WORK REQUEST:
Only the lines from the line containing "HSP 94701PRO 1:10" to the end of the material belong in the copy; set them down exactly, without pictures.
═══ DATA
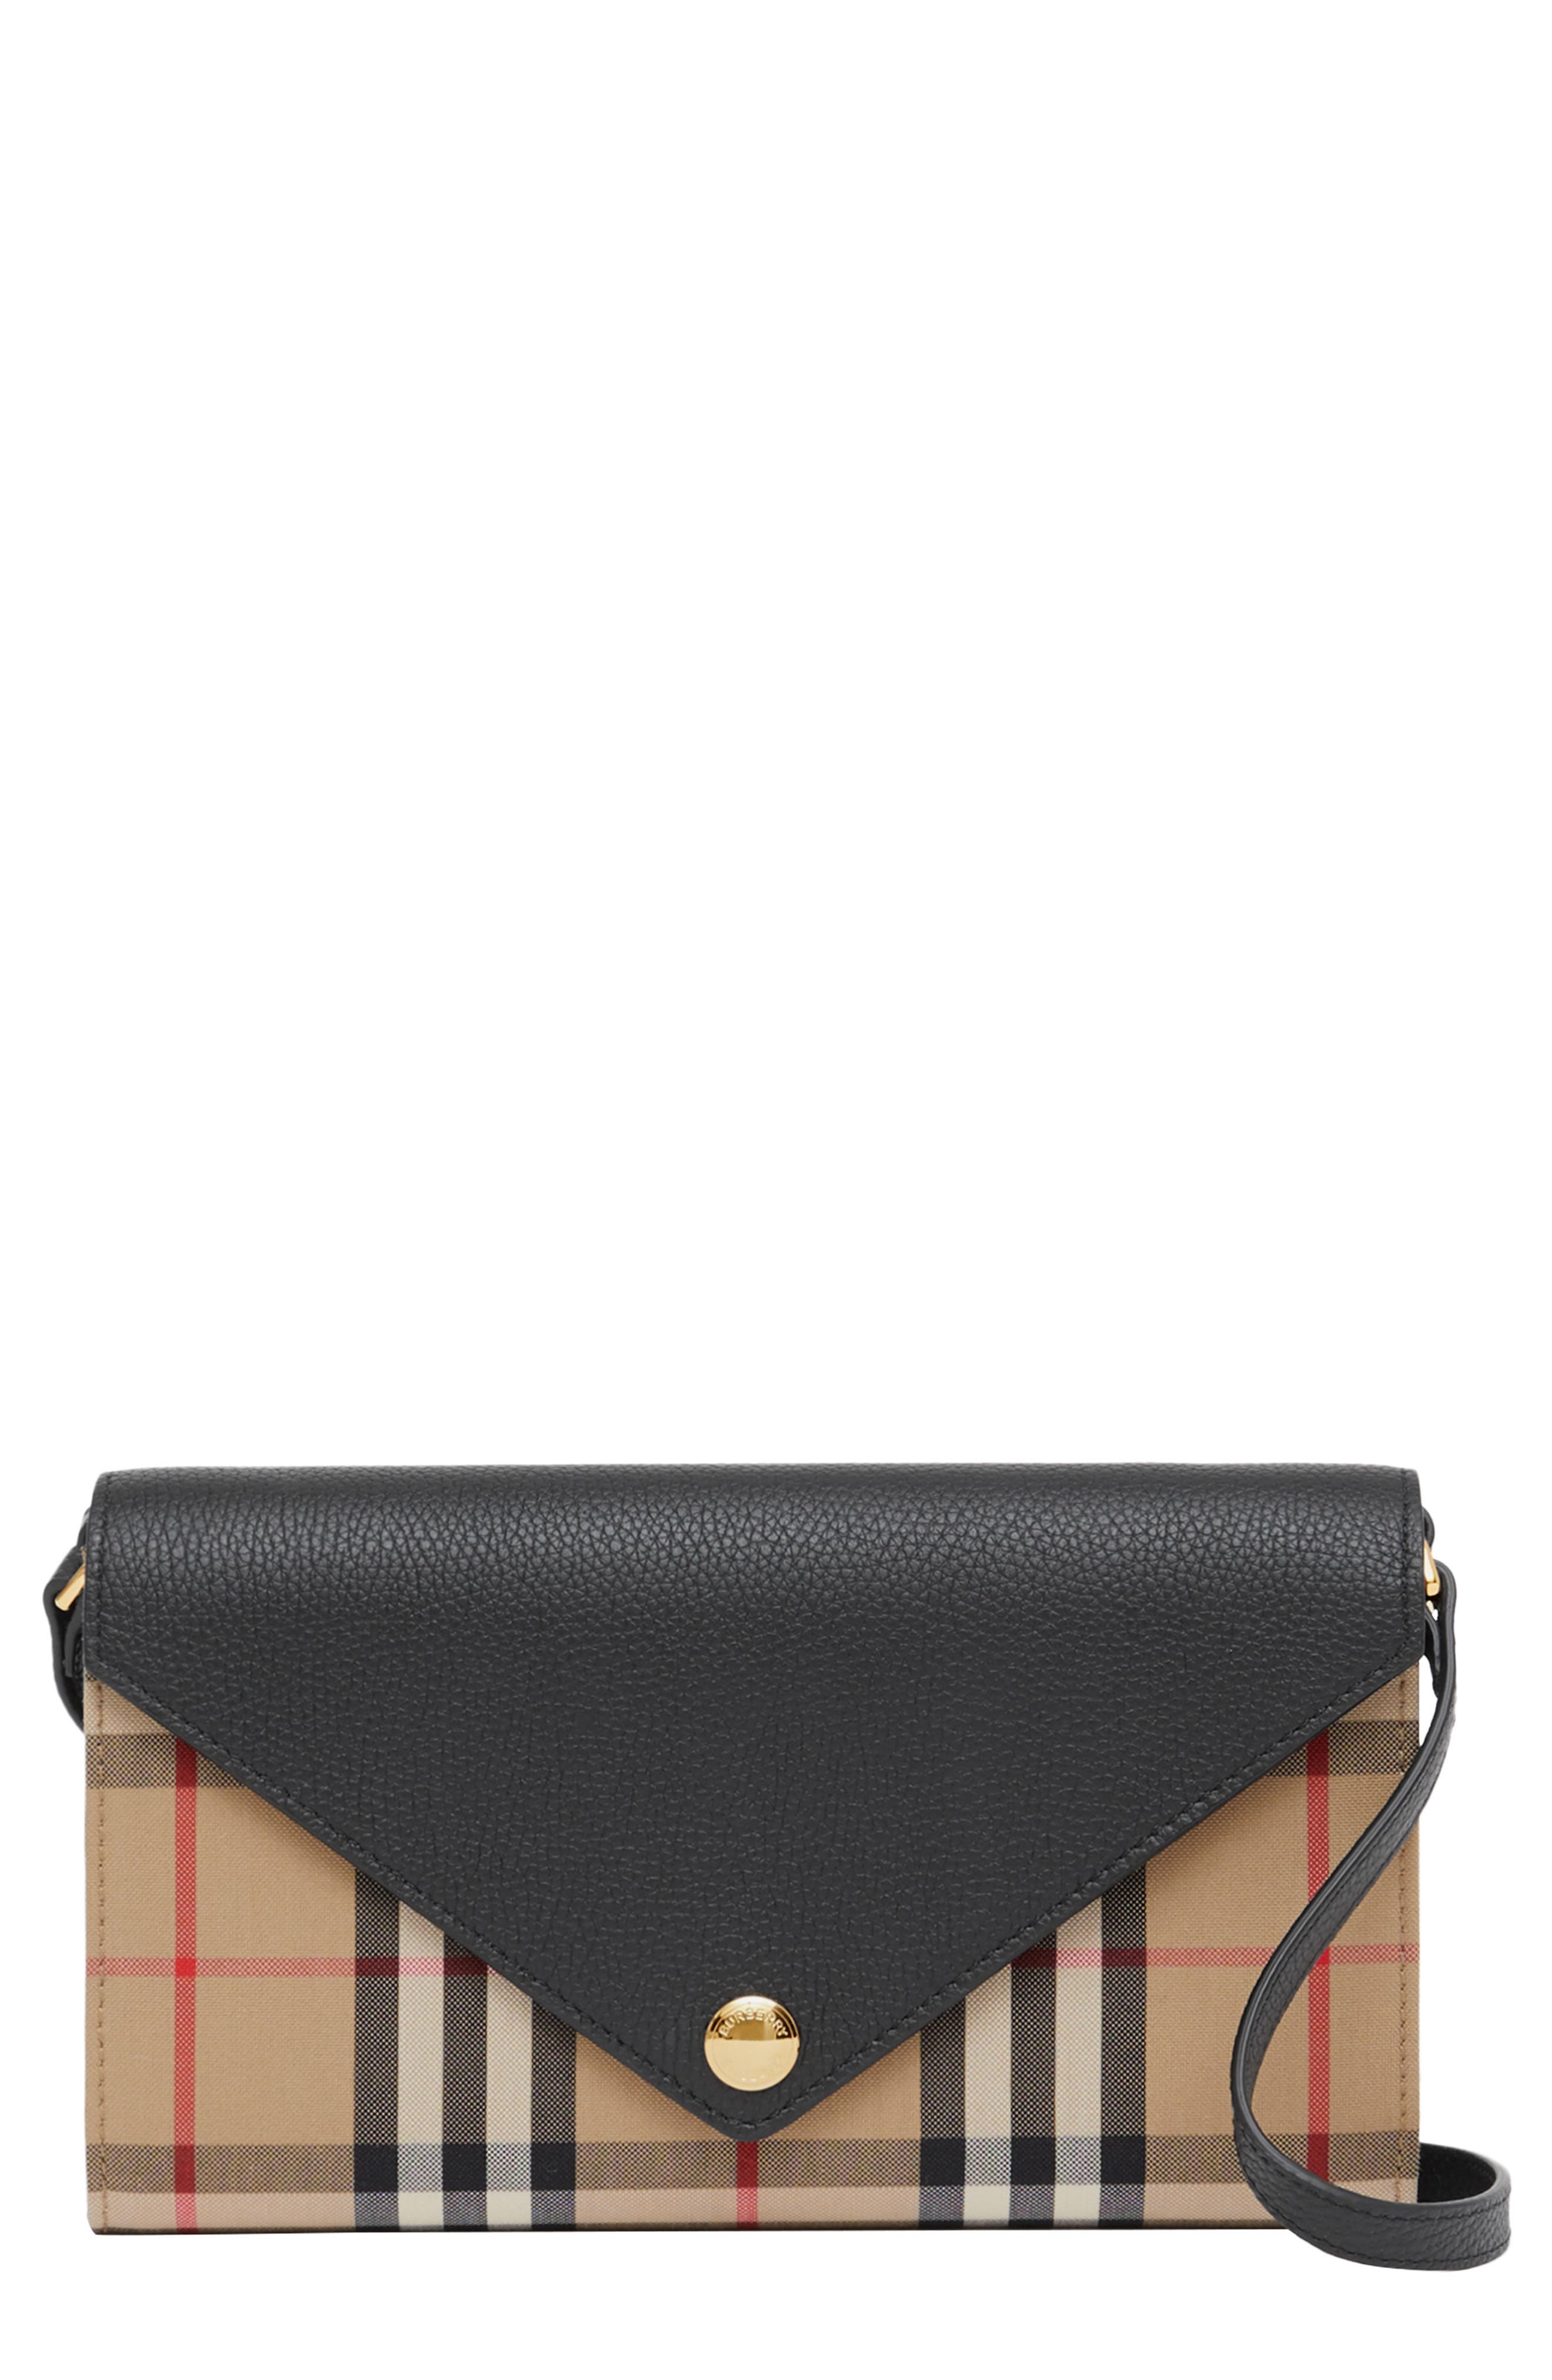 Burberry New Arrivals Accessories 
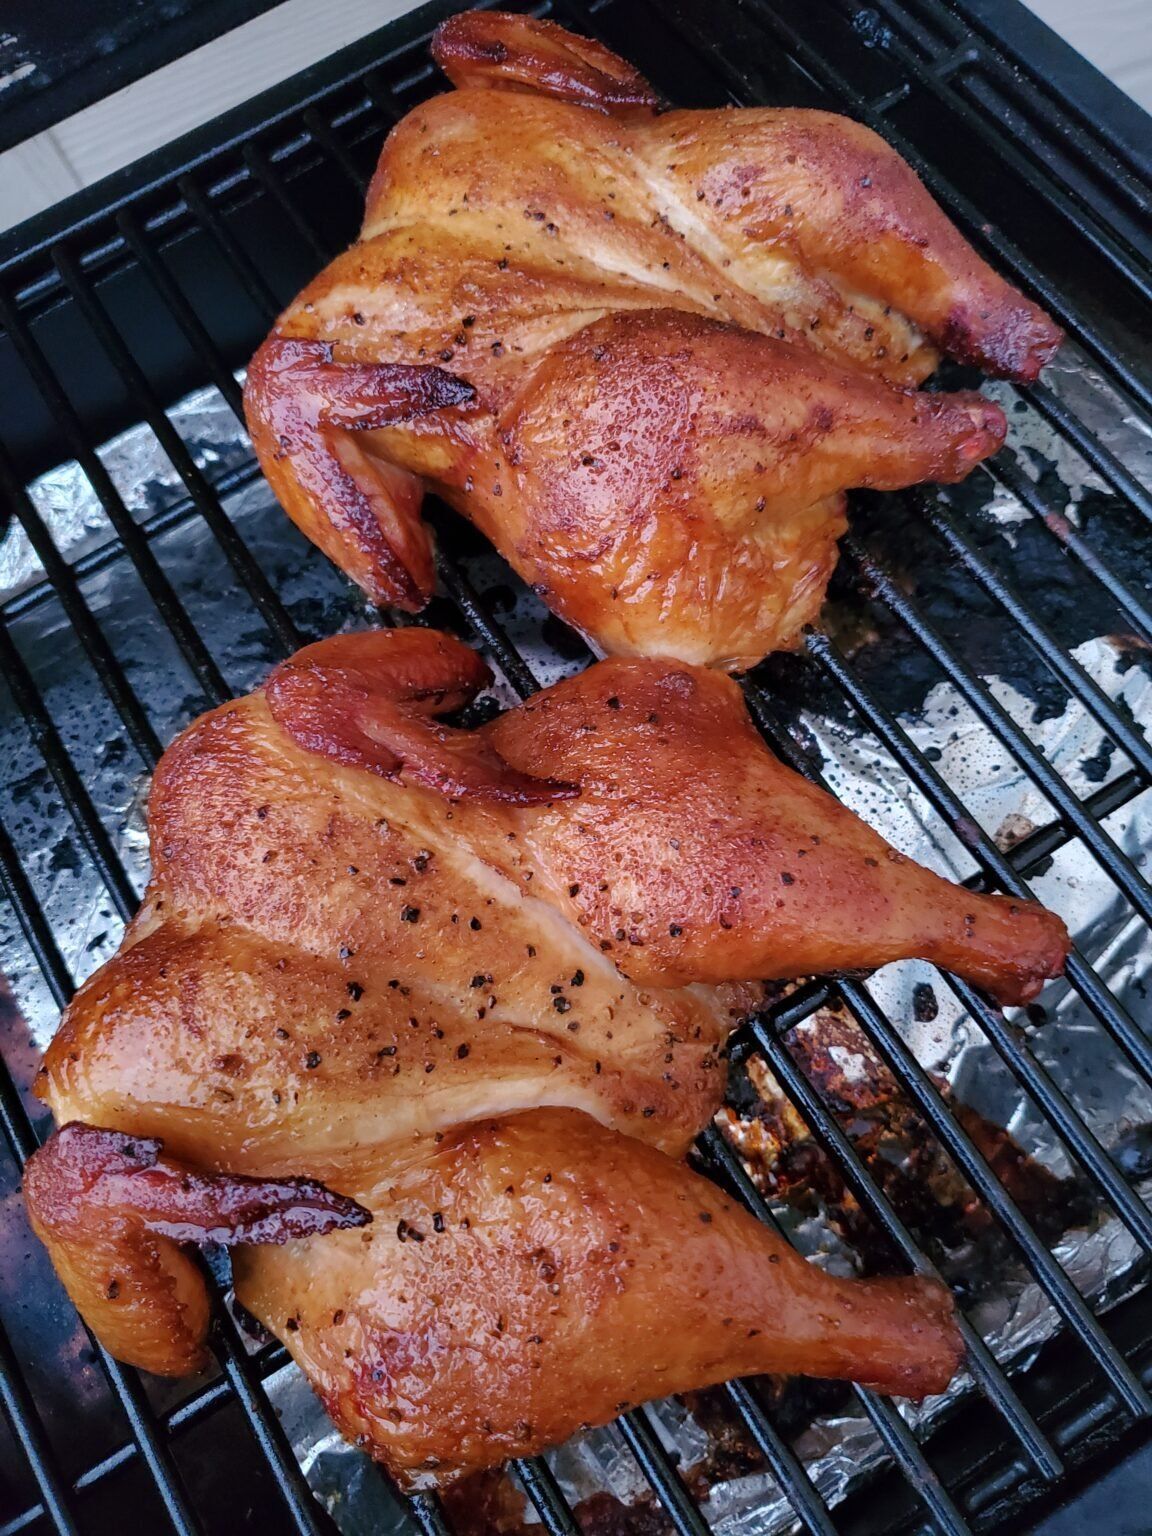 Cornish Game Hens cooking on grill
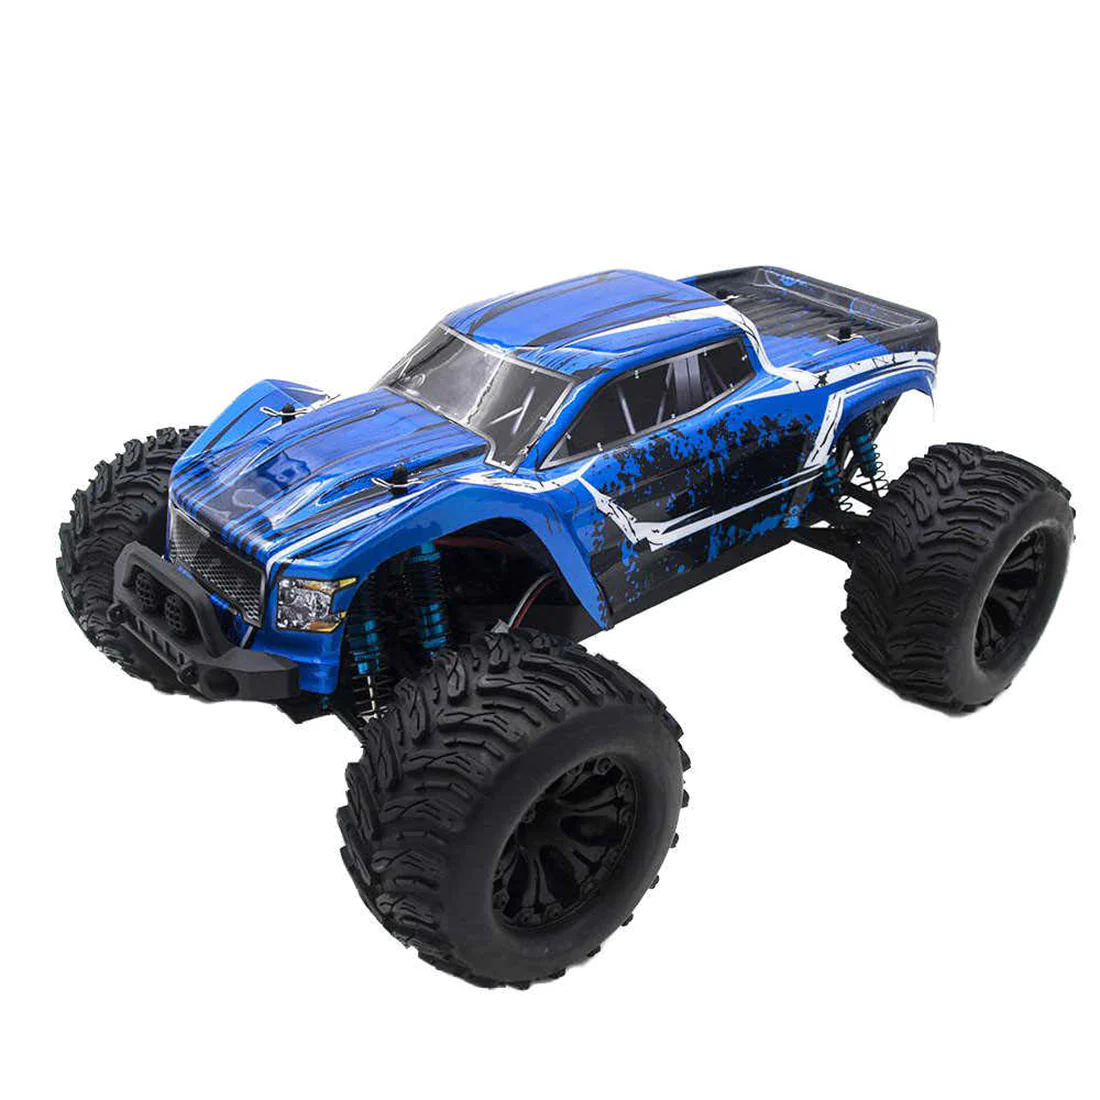 HSP 94701PRO 1:10 4WD 2.4G RTR RC Monster Truck 4WD Electric Brushless
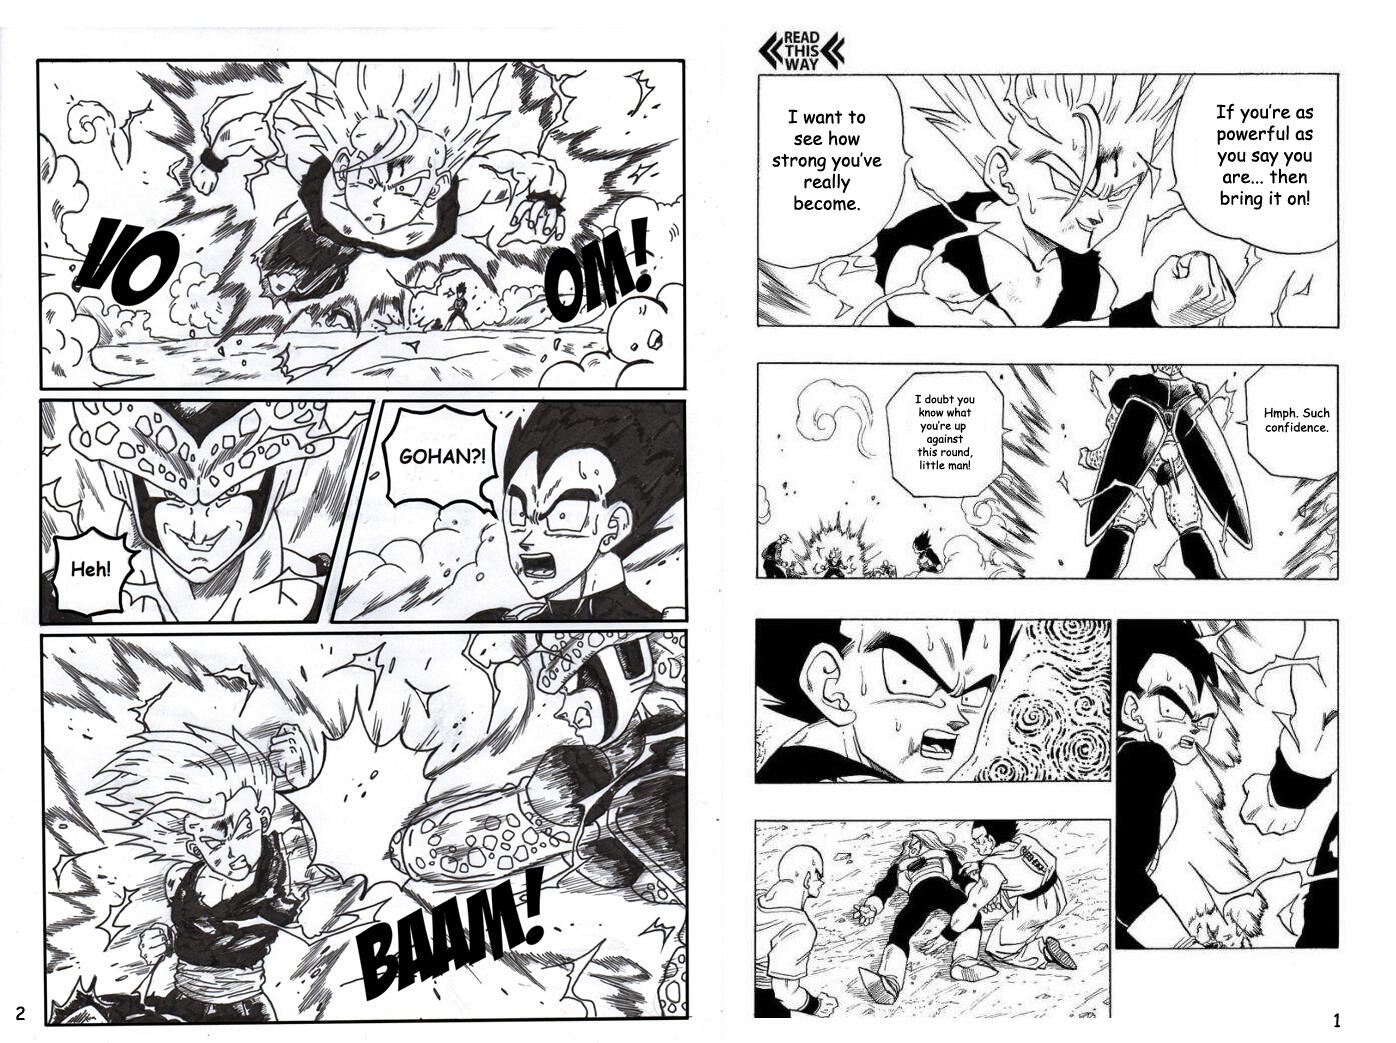 The Golden Age Chapter 1 Dragonball Z Golden Age - Chapter 1 - Prologue
══════
PROBLEM SOLUTION:
 HSP 94701PRO 1:10 4WD 2.4G RTR RC Monster Truck 4WD Electric Brushless
 The Golden Age Chapter 1 Dragonball Z Golden Age - Chapter 1 - Prologue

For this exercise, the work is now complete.